The Impact of Skew on the Sampling Distribution
We’ve seen that the sampling distribution is nearly normal for any sample size when the population is nearly normally distributed, and nearly normal for samples of size at least two when the population is uniformly distributed. What if we move in a very different direction and consider a population that is extremely skewed?
We’ve encountered skew in our course already, and we know that it describes the effect of the mean being pulled away from the center of our distribution. This witchcraft (read: mathematics) certainly cannot apply in the face of strongly skewed distributions, can it?
Work with the following code block to explore the connection between the population distribution and sampling distribution when the population follows a strongly skewed distribution. Use your explorations to answer the questions that follow.
Try changing the shape and rate parameters one at a time — can you figure out what each one controls by watching how the first plot changes?
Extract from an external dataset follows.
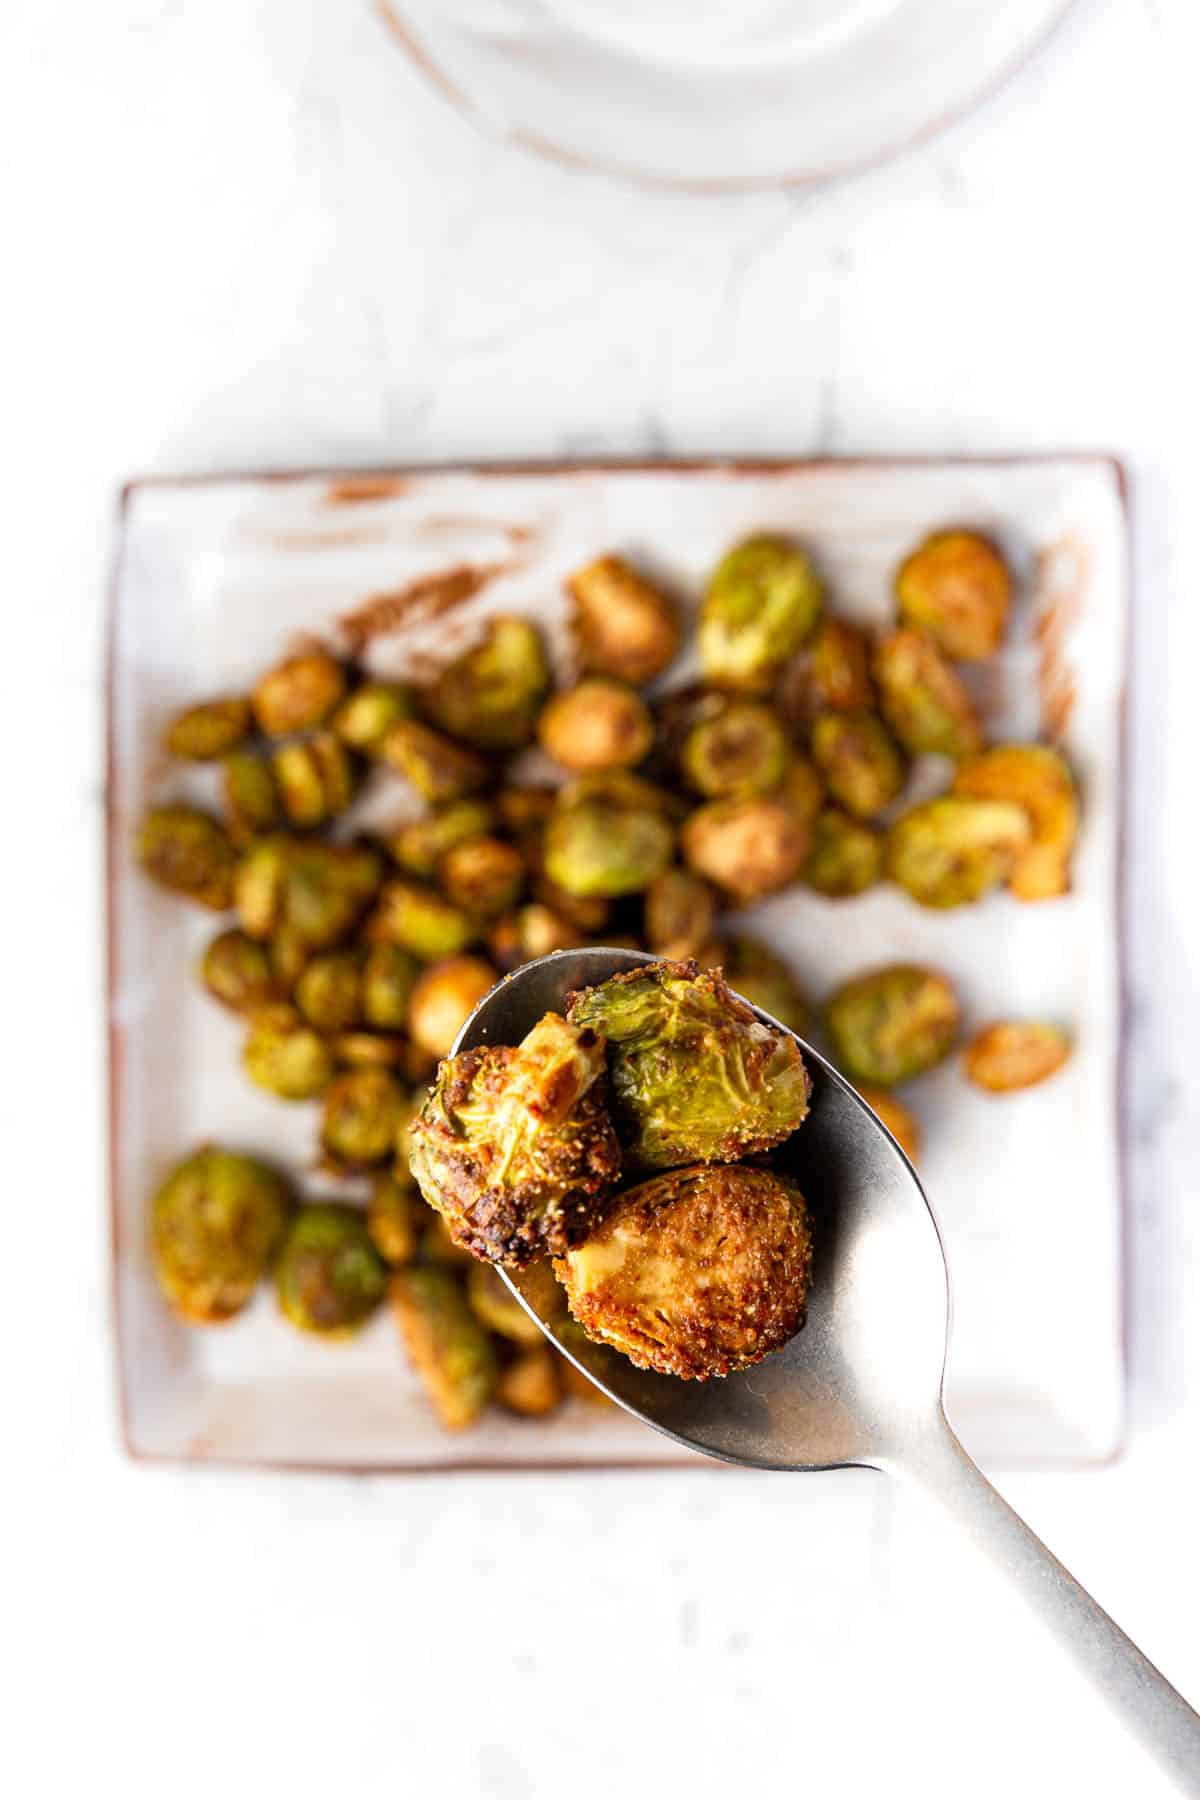 A square plate of maple balsamic roasted brussels sprouts with a spoon holding some hovering above.
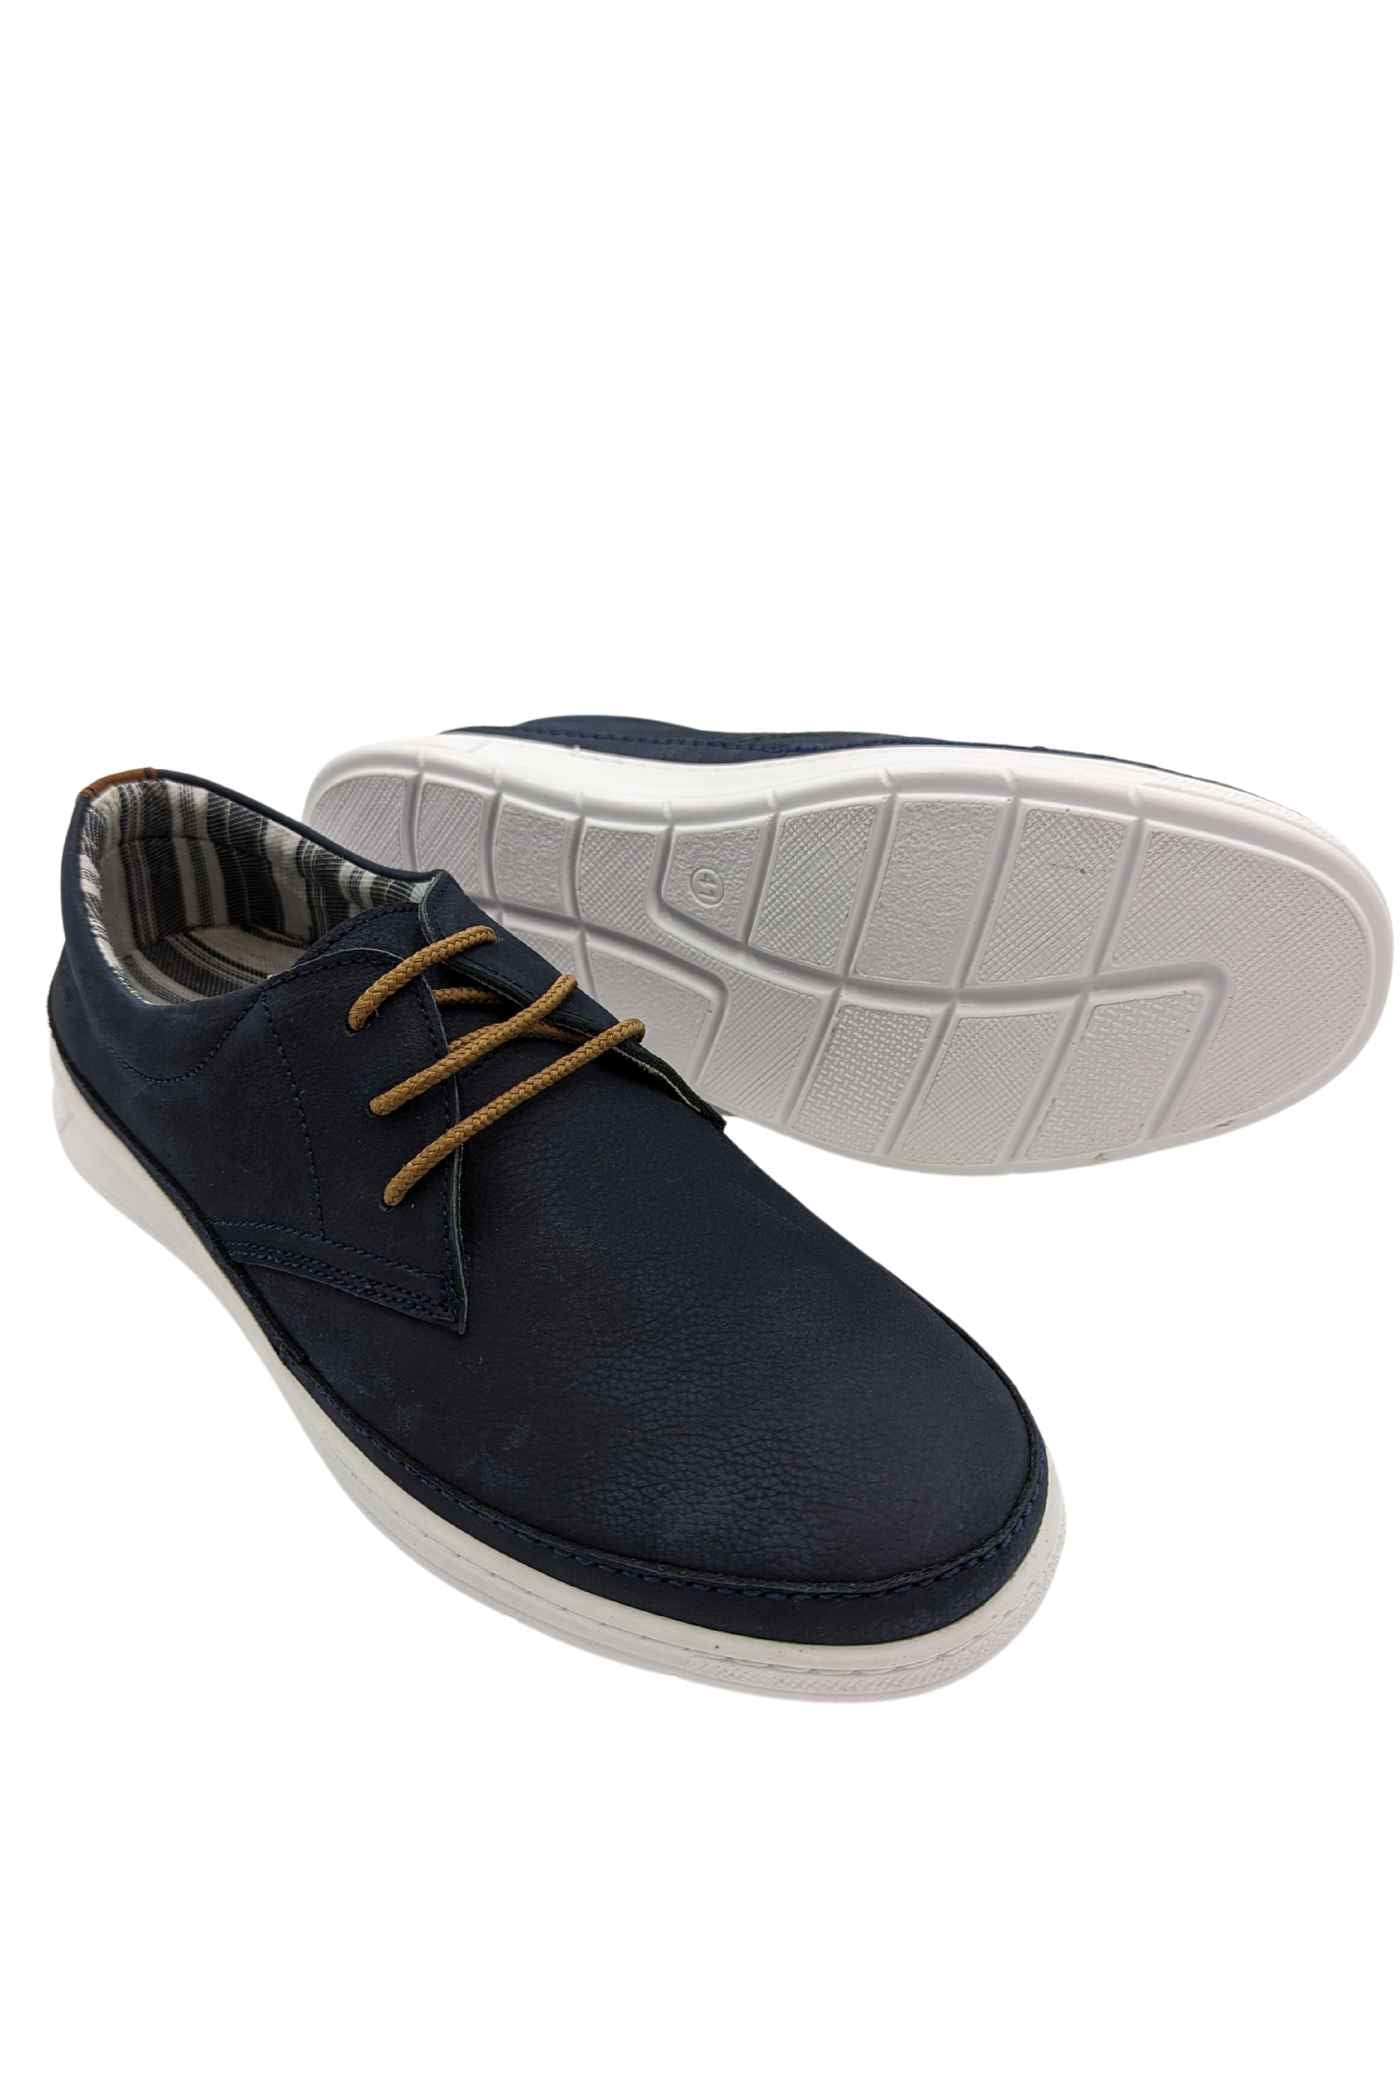 Sully Navy Shoe-Sole view

Then try increasing the sample size gradually. What do you observe?
Try sample sizes of 5, 10, 20, 30, 50, and 100 in sequence. How does the shape of the sampling distribution (the second plot) change as the sample size grows? How does this compare to what you observed with the uniform population?
Try running the code with samples of size 5, 10, and 20. Are the resulting sampling distributions nearly normal?
Try samples of size 30, 50, and 100. What can be said about the resulting sampling distributions?
Try various different values for the other parameters. What is true about the mean of the sampling distribution?
Since you’ve tried various values for the parameters, what can be said about the connection between sample size and the spread of the sampling distribution?
Good work through the previous sets of questions. Think about your answers and use them to answer the following questions about the connection between population distributions and sampling distributions in general.
Consider a generic population distribution. What can be said about the shape of the sampling distribution?
For a generic population distribution, what can be said about the mean of the sampling distribution?
For a generic population distribution, what can be said about the connection between sample size and the spread of the sampling distribution?
In all of these cases, the mean of the sampling distribution falls close to the mean of the population distribution — but the more important observation has to do with the spread of the sampling distribution.
We’ve been working backwards here — we assumed we know the population distribution and took many thousands of samples to construct the sampling distributions. This is exactly opposite of the real statistical scenario: we don’t know the population distribution, we can’t collect thousands of samples, and we generally have just one sample of a fixed size.
Luckily, from the experiments we’ve run (and from mathematics which has been proven to work), we know that our sample mean falls “near” the population mean, and we can describe what “near” means since it depends on the size of our sample. This is how I was able to draw those normal distributions in all the plots on the right, and it is what makes statistics work!
The Central Limit Theorem
What you just discovered through the simulations and questions above is what statisticians call the Central Limit Theorem — the result discussed in the CreatureCast video at the beginning of this activity. This is one of the most important theorems in all of statistics, and it is what will allow us to make and test claims about populations for the remainder of our course.
Regardless of the shape of a population distribution, for sample sizes large enough to overcome skew, the distribution of sample means (the sampling distribution) is approximately normal. Furthermore:
- The mean of the sampling distribution equals the population mean (\(\mu\)).
- The spread of the sampling distribution is described by the standard error (\(S_E\)), which depends on the population standard deviation and the sample size.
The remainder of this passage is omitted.